But before I present the pattern, some discussion. The main strip in this broadside mini-collection started out as a special request for a Danse Macabre design. I did it up, with some personally significant secondary motifs also requested, and delighted the recipient. But I wanted to play with it a bit more. I’ve changed it up somewhat, removed or changed the personal bits, and added a corner and secondary framing strips. And then having a partially empty page and an abhorrence of wasted space I just kept going, adding an unrelated border pair featuring swords and dart-like shapes, and as a lagniappe, a lemon meander. All are of my own design. The inspiration for the main strip will be evident in a moment.
Back to the Danse Macabre – that’s an allegory image from the 1400s and early 1500s. It’s something that appears in both religious and secular works, and is usually interpreted as a strong caution that no matter one’s station in life, wealth, or age – life is fragile, and all should be mindful of both mortality and the transitory nature of human vanity and pleasures.

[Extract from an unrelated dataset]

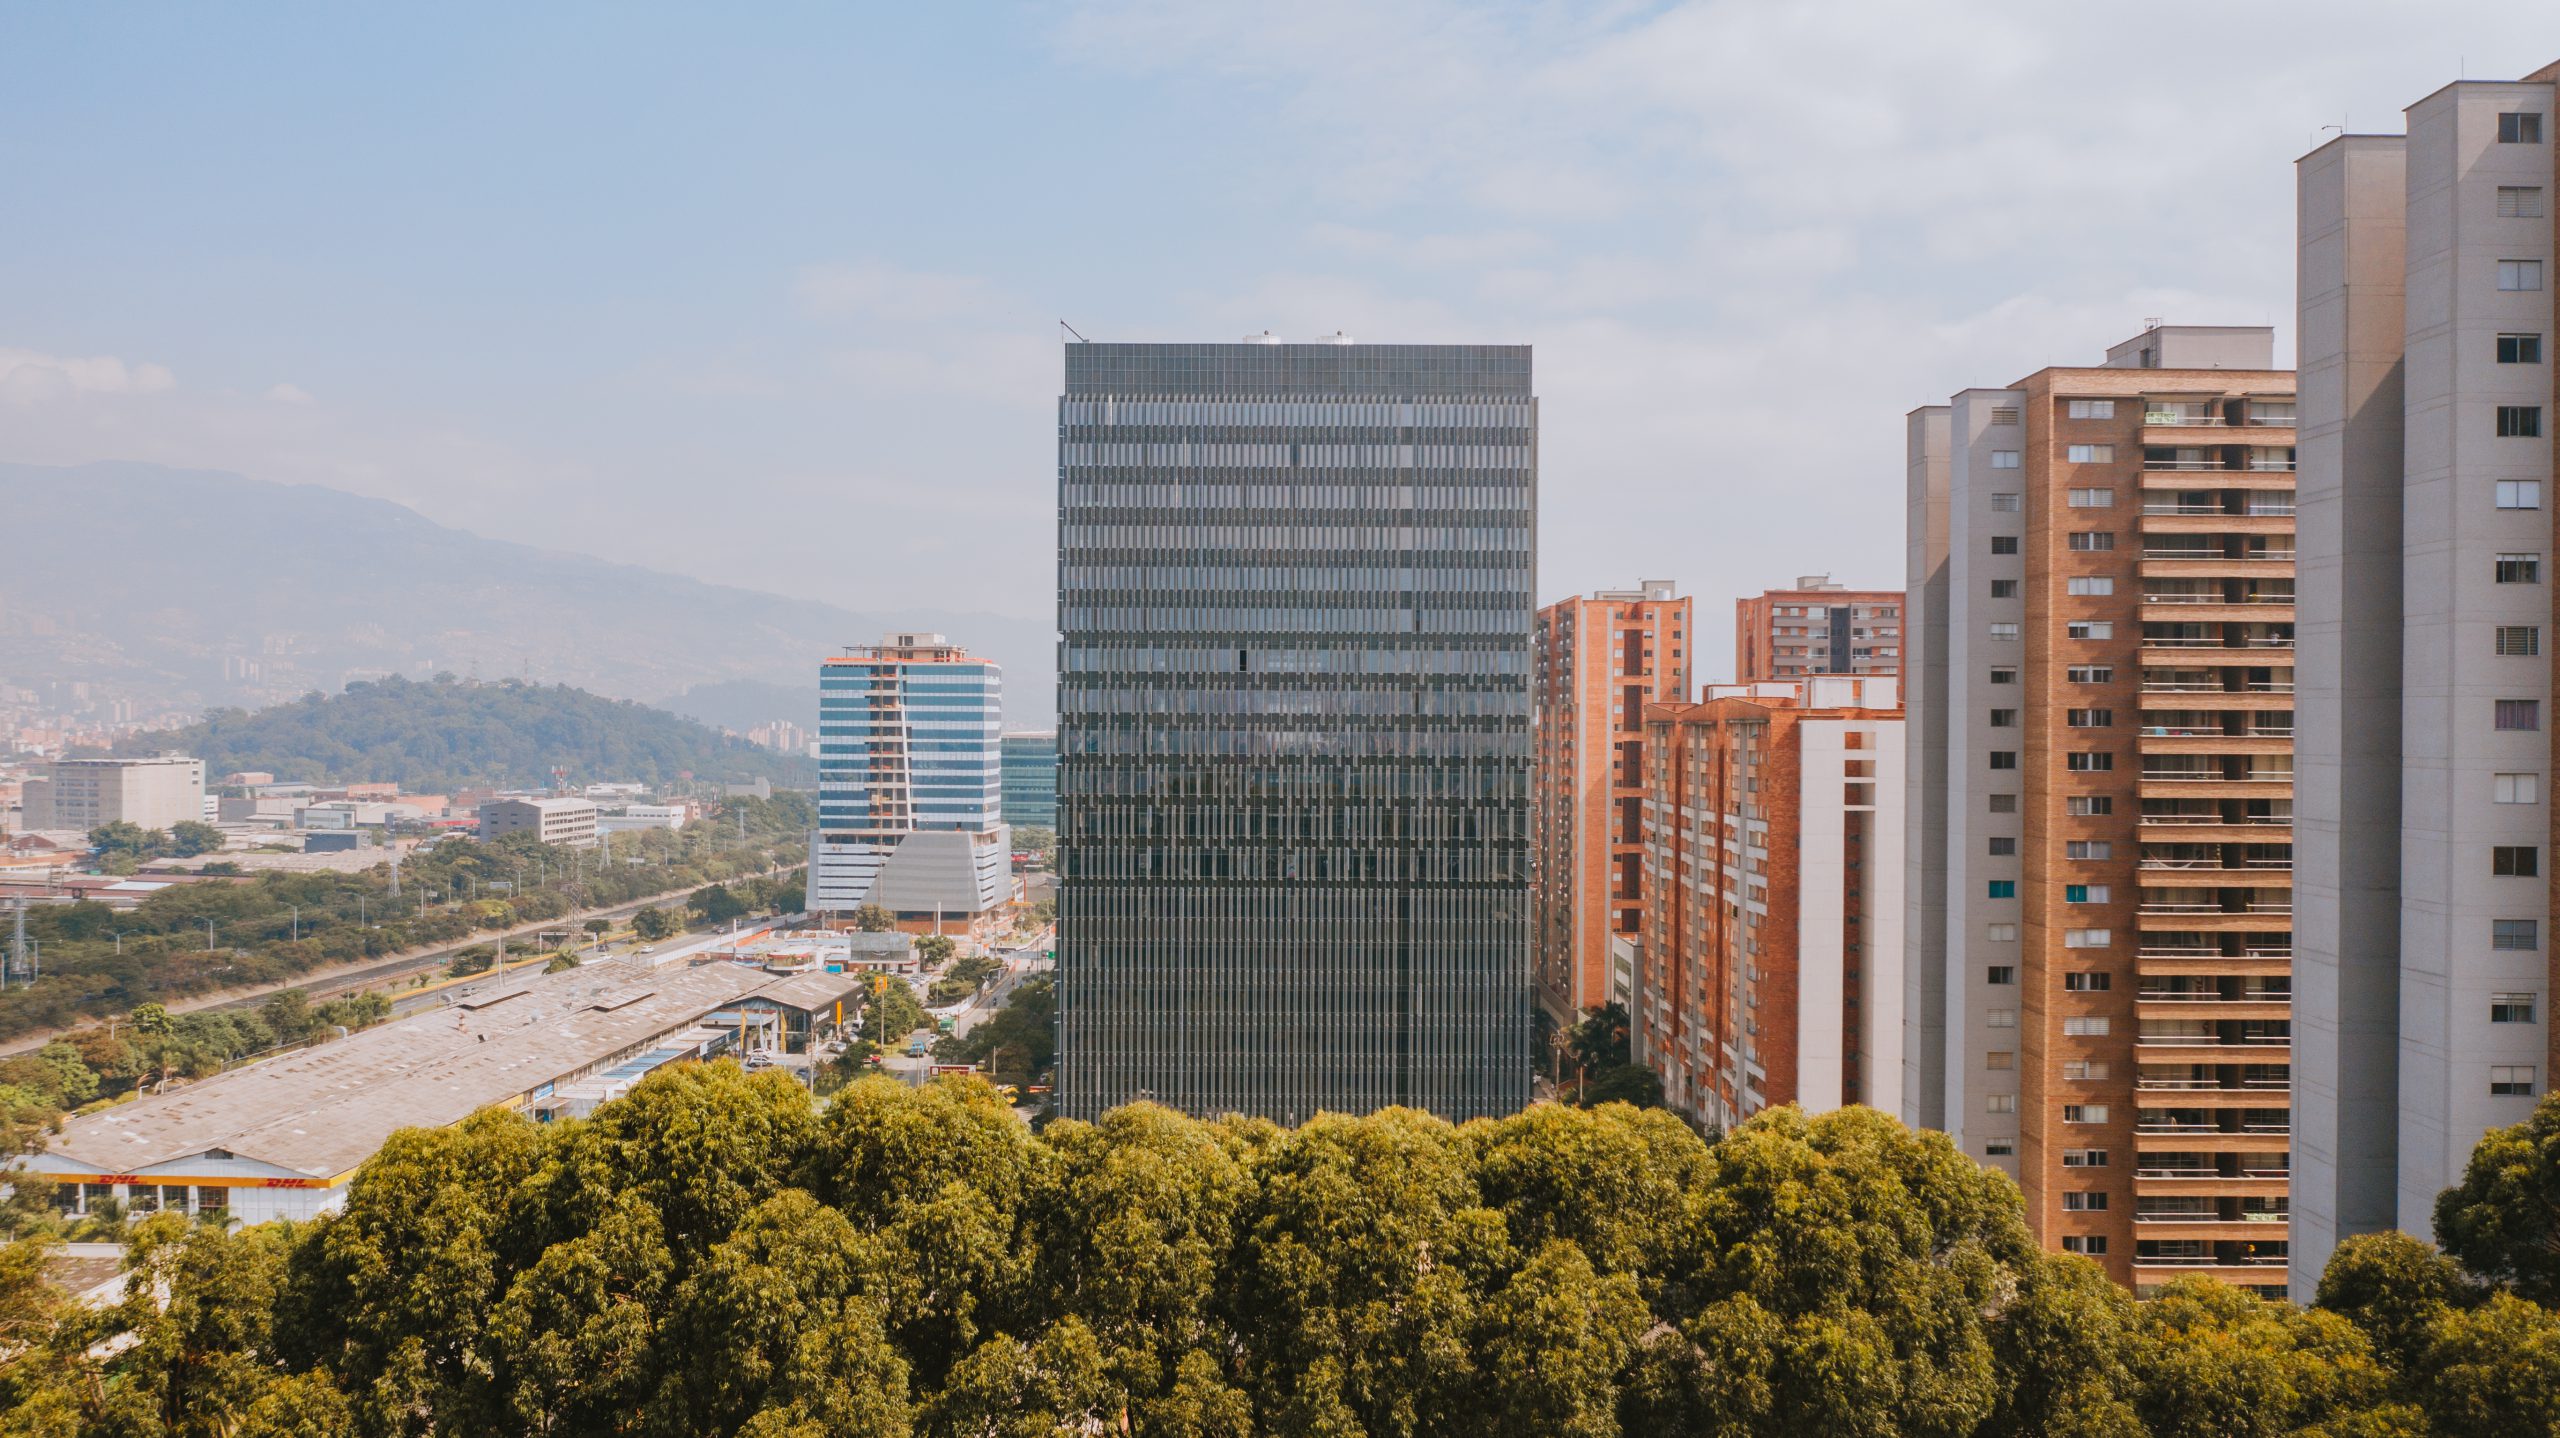 Arquitectura fragmentada: este es el nuevo y sorprendente edificio de Ciudad del Río, Medellín

But I have to say that I reject that morbid and moribund classical framing.
Instead, and in the current context, I look around. I hear about neighbors doing what they can to help each other. I read about people with talents – musicians, actors, artists of all levels of fame and proficiency – sharing what they can of themselves to enhearten, inspire, and entertain a frightened world. I witness the bravery of front line first responders and medical personnel, and the selflessness of many people in vital industries. I see many more small acts of kindness than I do malevolent and spiteful actions (although those latter ones do affect far more people proportionally per incident).
Now I see those dancing skeletons differently. They dance in defiance of mortality. They celebrate life in the face of danger and death. Living for others, to protect the lives of others, is the ultimate act of rebellion against an implacable enemy.
So, for all reading this, don’t break discipline. Keep away from others as much as possible. Heed the calls to do your part for community health. And if you are so inclined, feel free to stitch my Dance, with the joy with which I present it.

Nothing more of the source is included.